Between 2006 and 2009, Haiti was added to the World Bank and IMF's highly indebted poor country initiative (HIPC). The Haiti Debt Cancellation Resolution had 66 co-sponsors in the U.S. House of Representatives as of February 2008. In September 2009, following a program of economic and social reforms, Haiti met the requirements for completion of the HIPC program, qualifying it for cancellation of its external debt obligations. This cut the face value of the debt by $757 million and future debt service (including interest) by $1.2 billion.

Haiti's largest creditor, the Inter-American Development Bank (IDB), was part of the debt relief initiative, but the initiative only canceled loans made before 2005, and the IDB had lent more since. Haiti's debt to the IDB amounts to approximately half a billion dollars with debt service payments projected by the IMF to increase in the following years. The U.S. government has been paying this debt service on Haiti's behalf since before the quake.
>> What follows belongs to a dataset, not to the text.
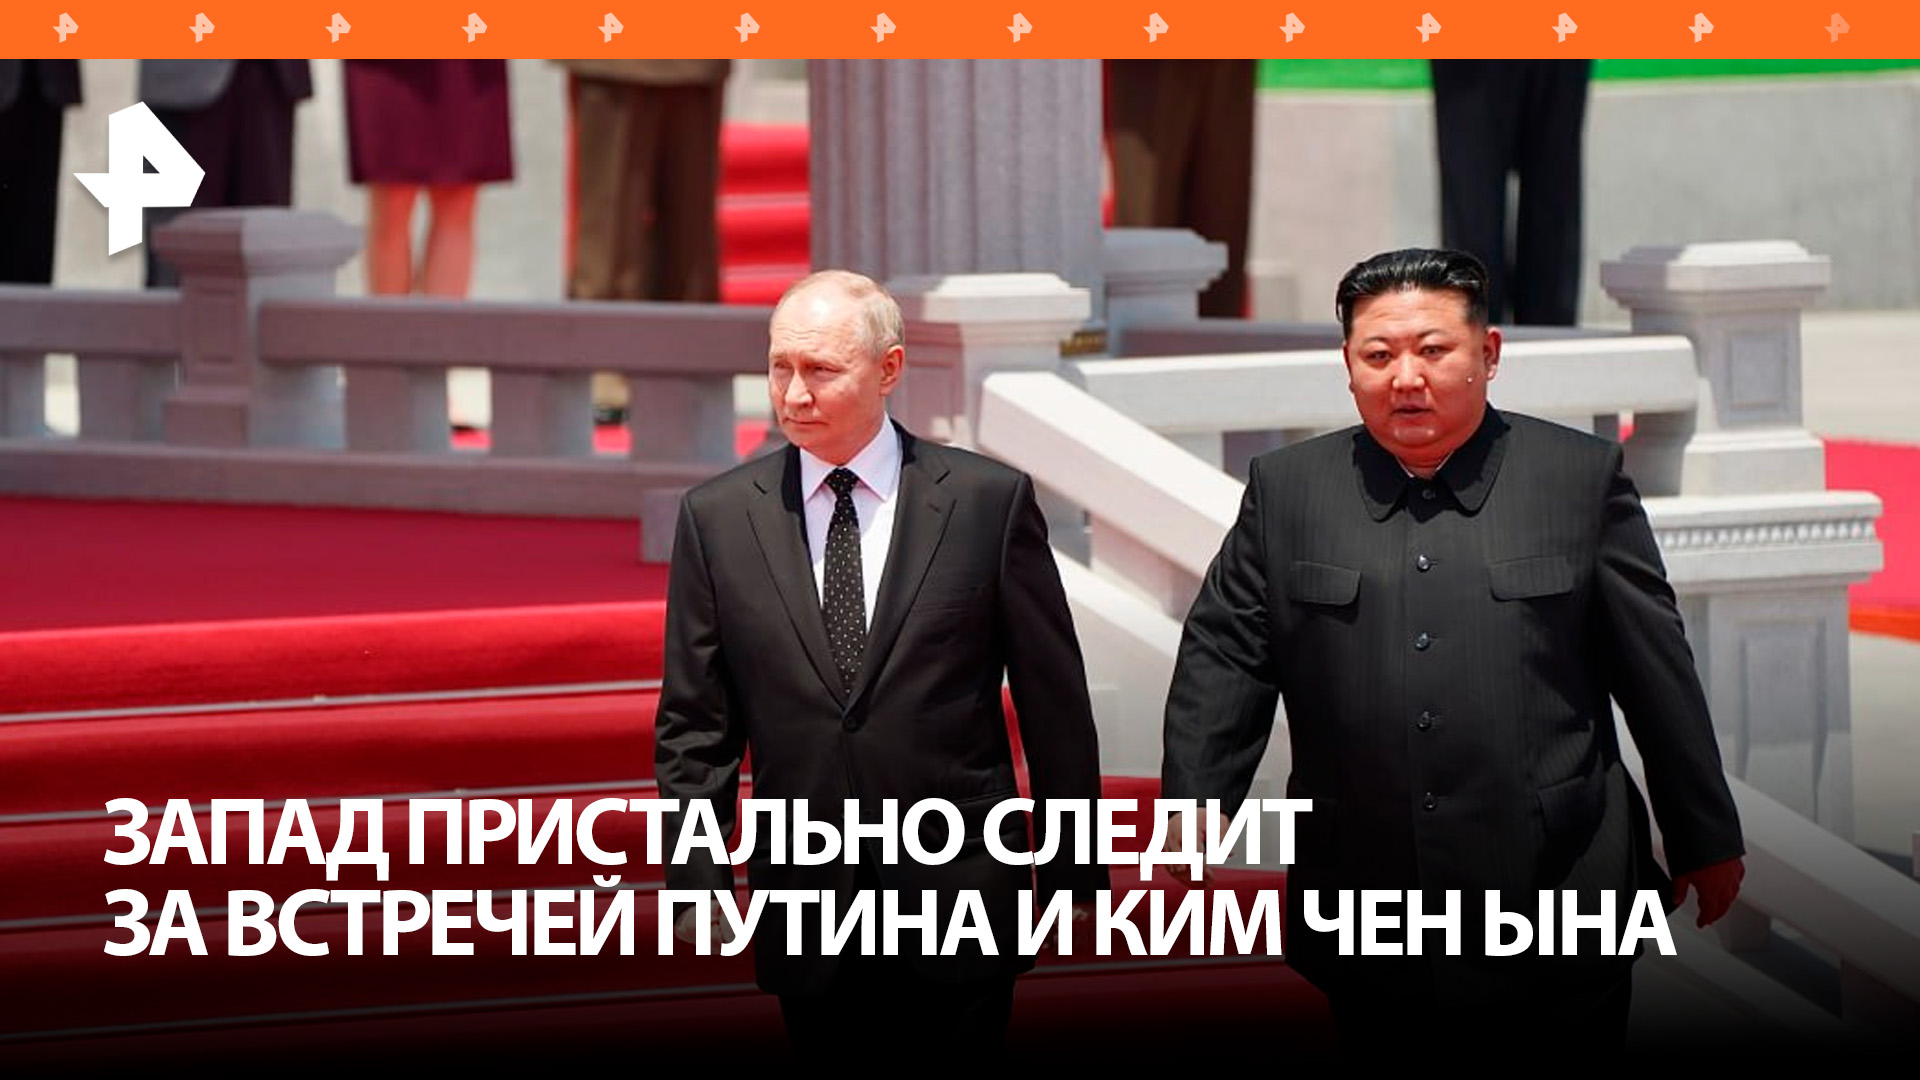 Мировая пресса внимательно следит за визитом Путина в Пхеньян / РЕН Новости

Following the devastating effects of the early 2010 earthquake in Haiti there came renewed calls for a further debt cancellation from civil society groups. In light of the tragedy and new borrowing that lifted Haiti's debts back to $1.25 billion, groups such as the Jubilee Debt Campaign called for this debt to be dropped. Furthermore, during the aftermath emergency money was offered to the Haitian government from the IMF in the form of loans. Civil society groups protested the offer of loans and not grants for such an already heavily indebted country trying to cope with such destruction. Some have argued, however, that because Haiti's annual debt service payments are so low ($9 million a year, net of the debt service paid on Haiti's behalf by the U.S. government), canceling the debt would do little to help the country recover from the earthquake, and should not be a priority for activism.
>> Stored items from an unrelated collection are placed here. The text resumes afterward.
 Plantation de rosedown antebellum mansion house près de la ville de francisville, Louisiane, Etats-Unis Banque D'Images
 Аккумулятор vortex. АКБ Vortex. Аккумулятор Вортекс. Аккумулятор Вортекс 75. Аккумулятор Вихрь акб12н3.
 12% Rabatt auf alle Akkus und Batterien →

Agence France Press reported on 26 January 2010 that President Hugo Chavez of Venezuela said that Petrocaribe, Venezuela's cut-rate regional energy alliance, will forgive Haiti's debt. Haiti's debt with Venezuela is $295 million, about one-quarter of its foreign debt of $1.25 billion, according to International Monetary Fund figures.

On 28 May 2010, the World Bank announced it had waived Haiti's remaining debts to the bank. The value of the waiver was $36 million.

In 2015, France forgave about US$77 million (~$ in ) in modern-day debt, unrelated to independence. In 2004, the Haitian government demanded that France repay Haiti for the millions of dollars paid between 1825 and 1947 as compensation for the property loss of French slaveholders and landowners as a result of the slaves' freedom. In 2015, the French government rejected this demand as well as any reparations in general.